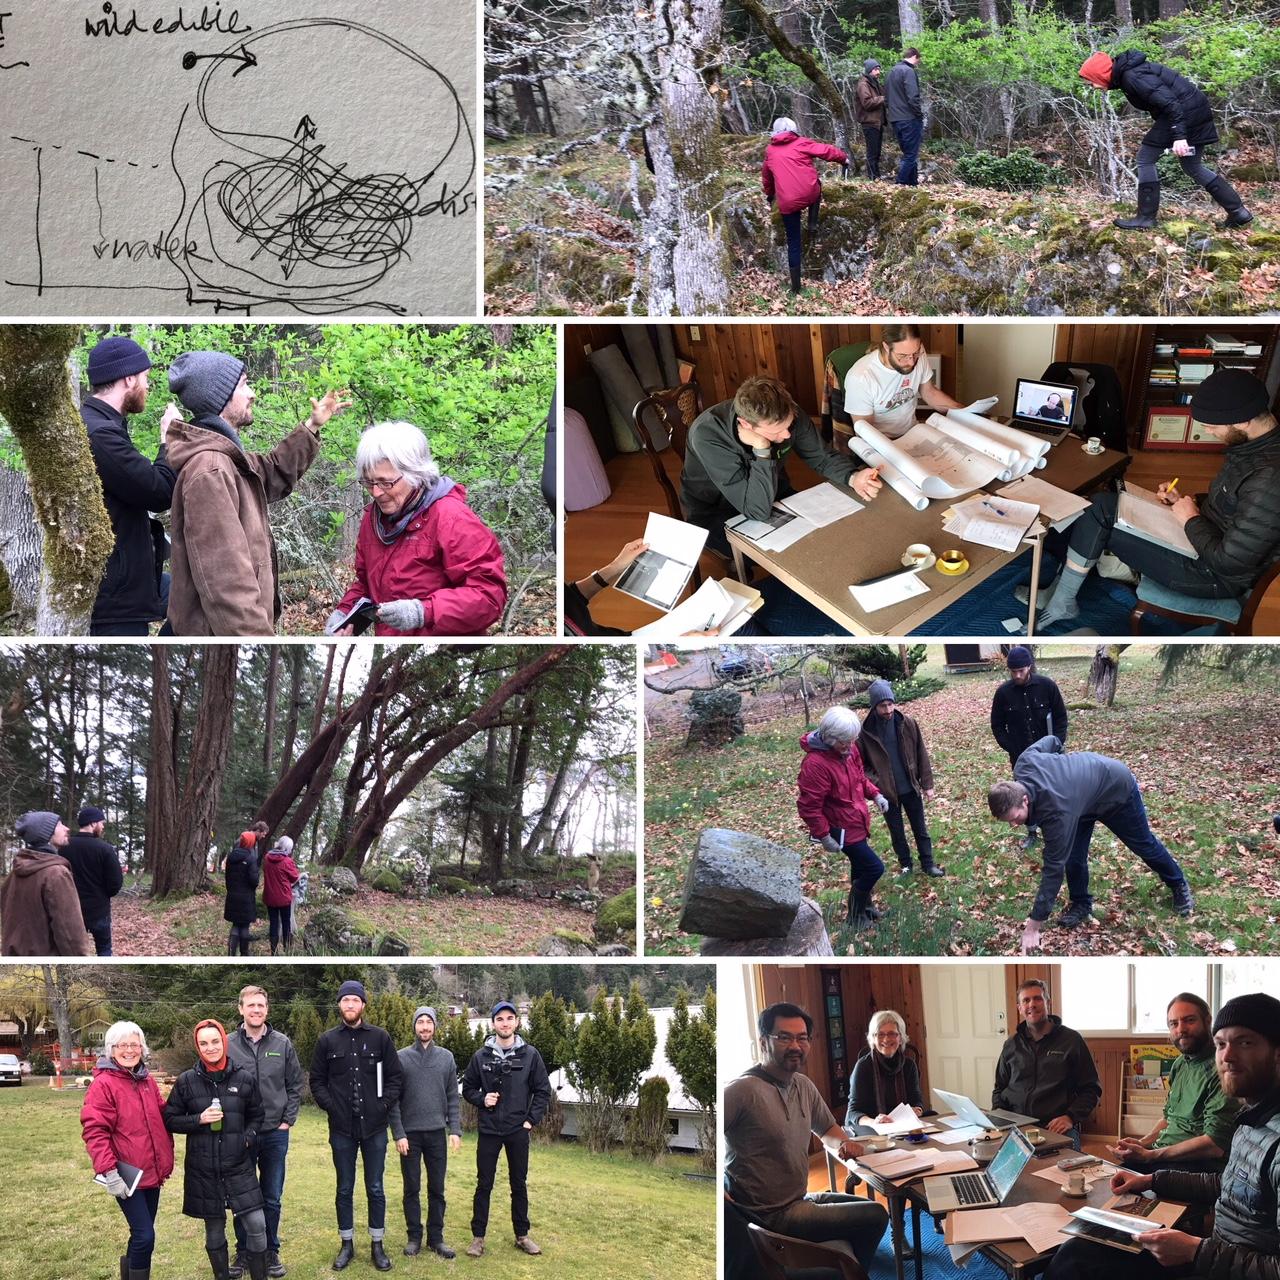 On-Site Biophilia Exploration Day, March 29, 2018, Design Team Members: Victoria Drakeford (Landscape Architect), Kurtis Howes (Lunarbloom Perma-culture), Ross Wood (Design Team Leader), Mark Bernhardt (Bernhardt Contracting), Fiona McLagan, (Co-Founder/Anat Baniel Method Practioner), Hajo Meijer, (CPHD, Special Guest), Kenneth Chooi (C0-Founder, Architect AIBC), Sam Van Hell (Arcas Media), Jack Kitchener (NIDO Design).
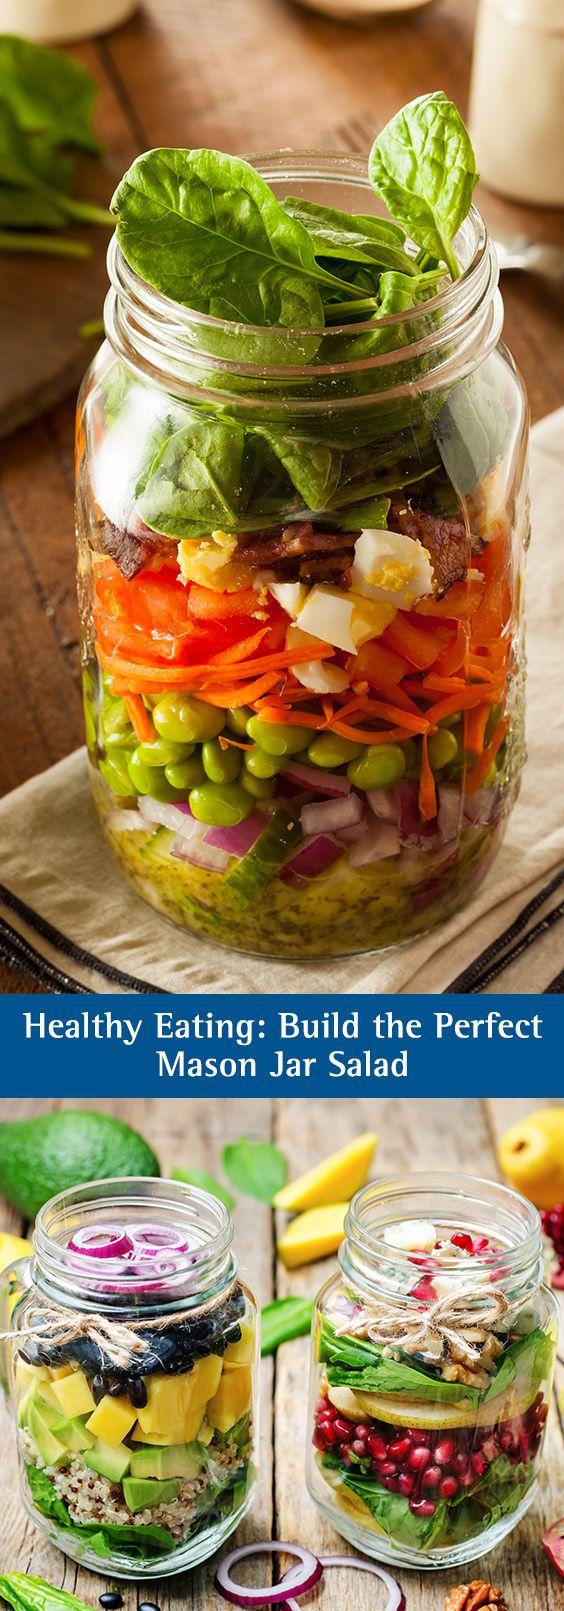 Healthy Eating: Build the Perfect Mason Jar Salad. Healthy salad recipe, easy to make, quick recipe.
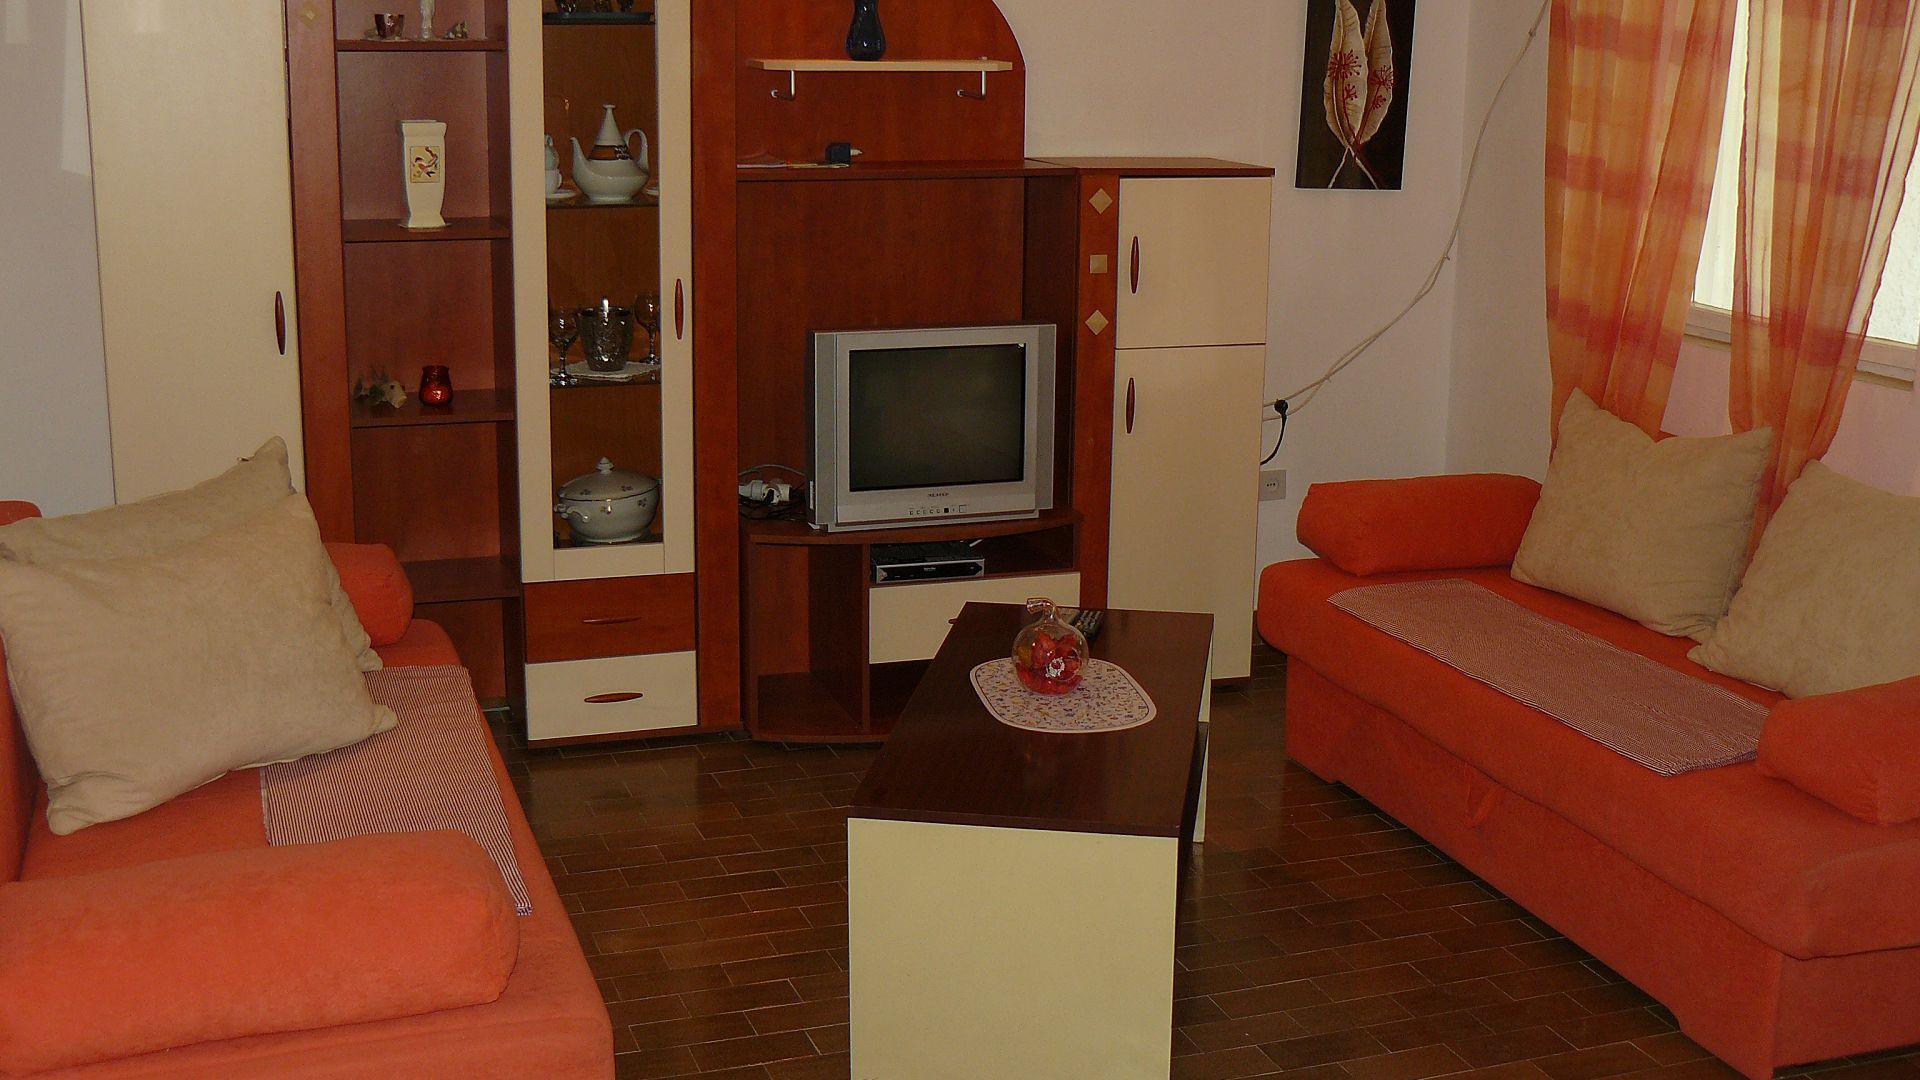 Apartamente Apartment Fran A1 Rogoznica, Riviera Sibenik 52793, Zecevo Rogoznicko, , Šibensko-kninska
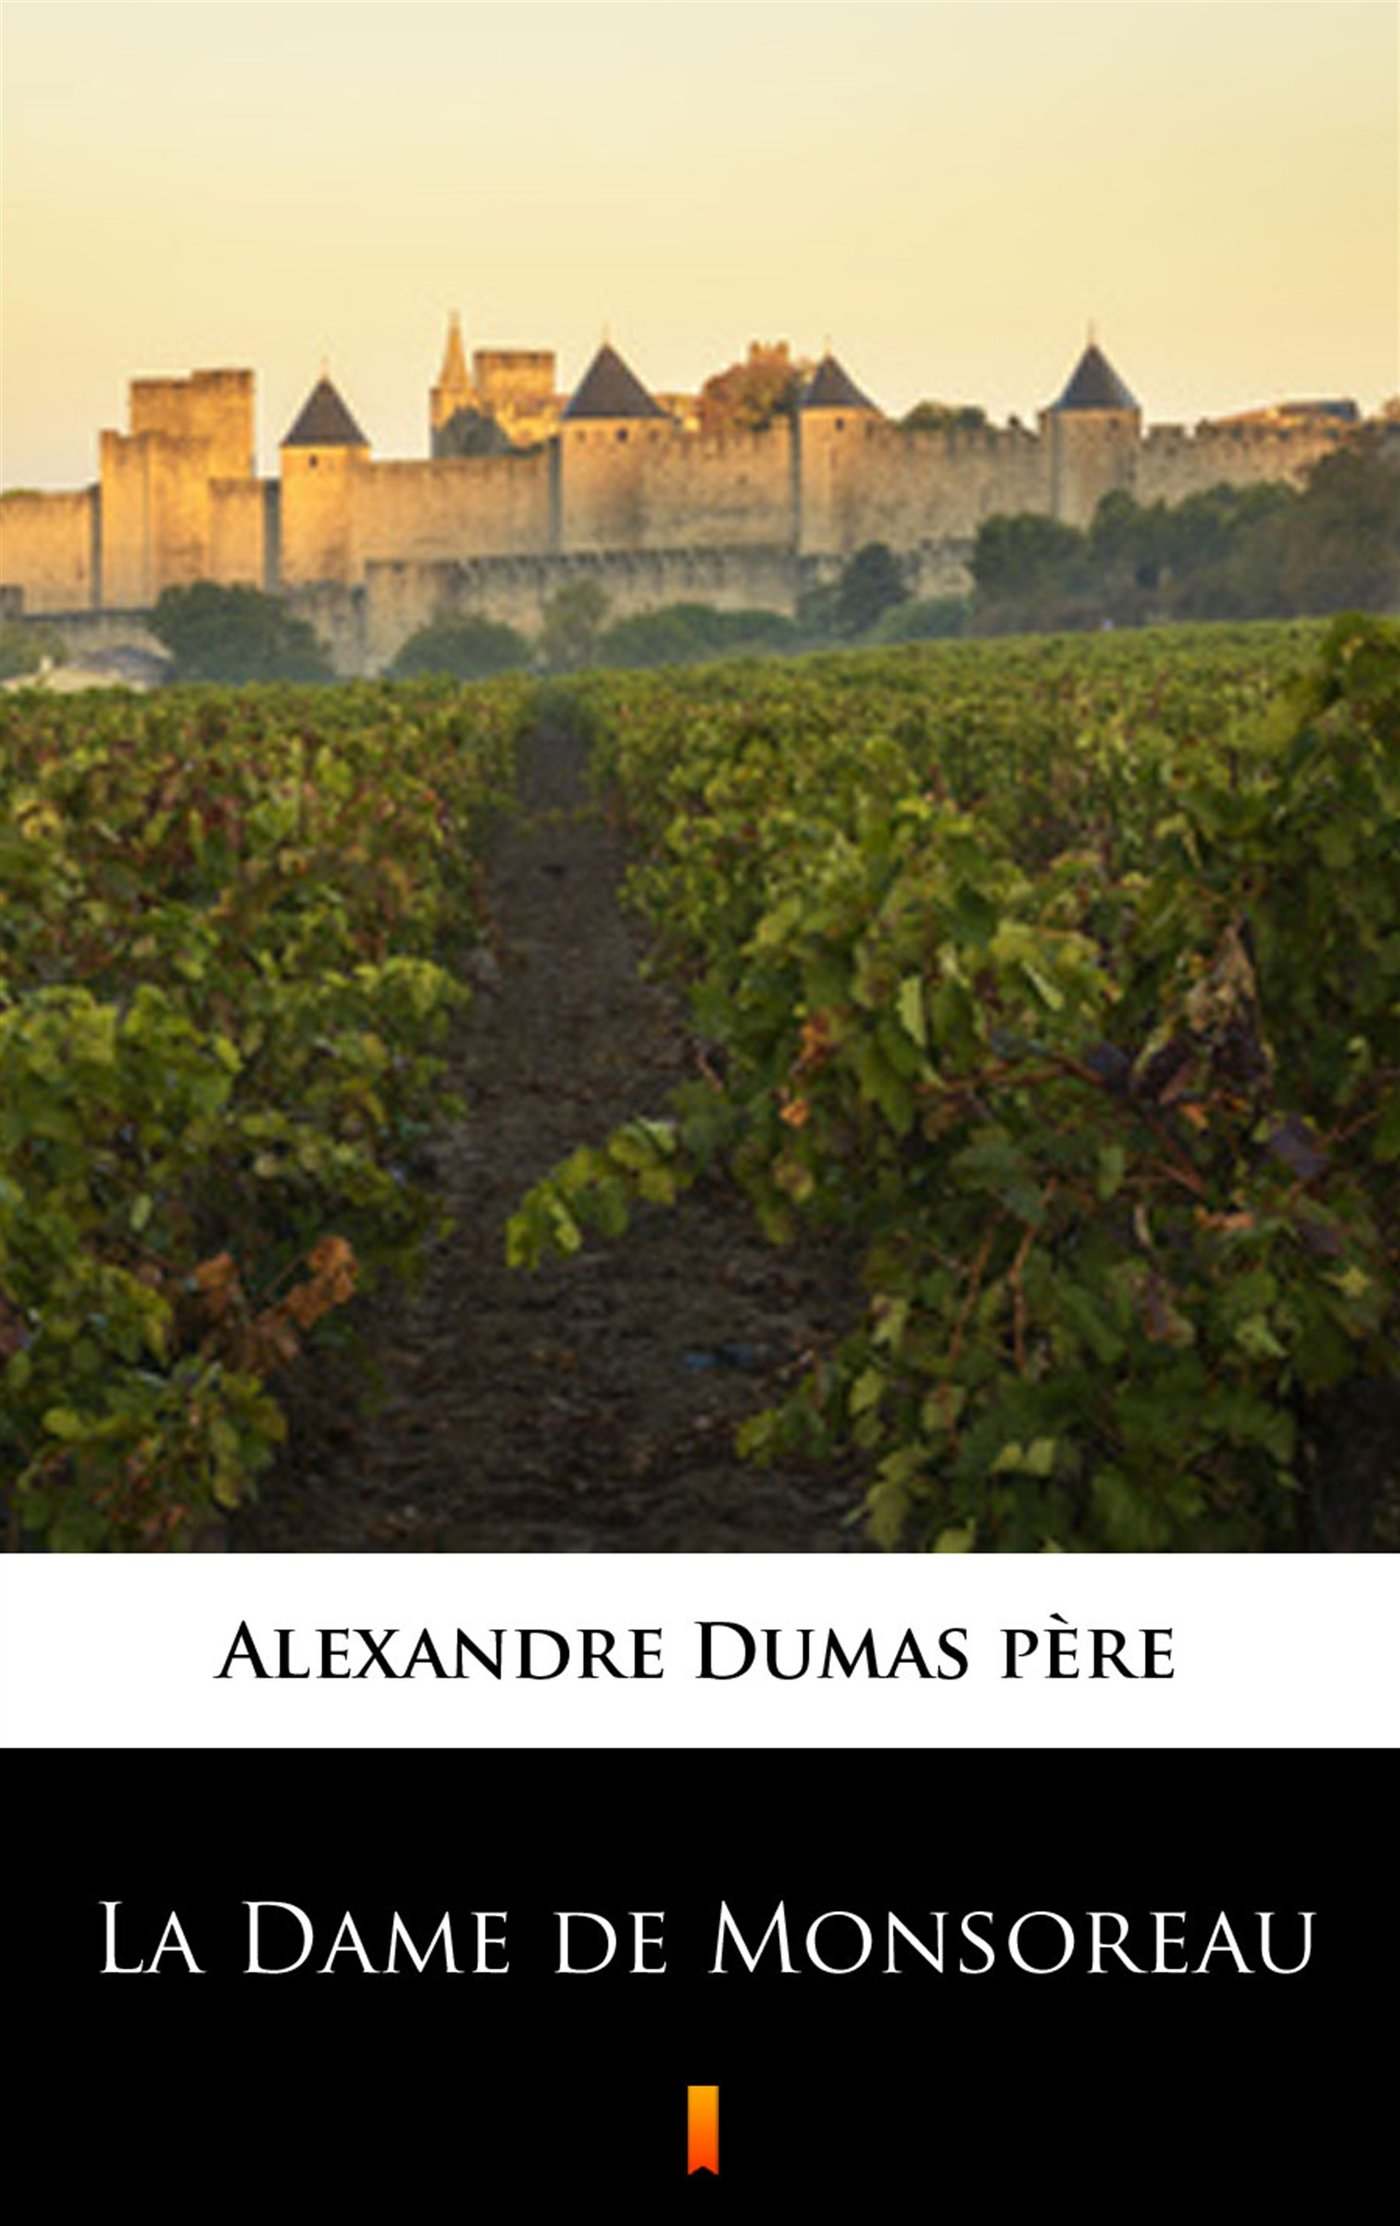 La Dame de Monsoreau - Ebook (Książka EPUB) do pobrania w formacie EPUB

___

▶ _HOW TO COMPLETE THIS TASK_
Please print exactly the lines from the one holding "Apartamente Apartment Fran" through the final line of the data above, including both, and skip all pictures.

▶ _WRITTEN ANSWER_
 Apartamente Apartment Fran A1 Rogoznica, Riviera Sibenik 52793, Zecevo Rogoznicko, , Šibensko-kninska
 La Dame de Monsoreau - Ebook (Książka EPUB) do pobrania w formacie EPUB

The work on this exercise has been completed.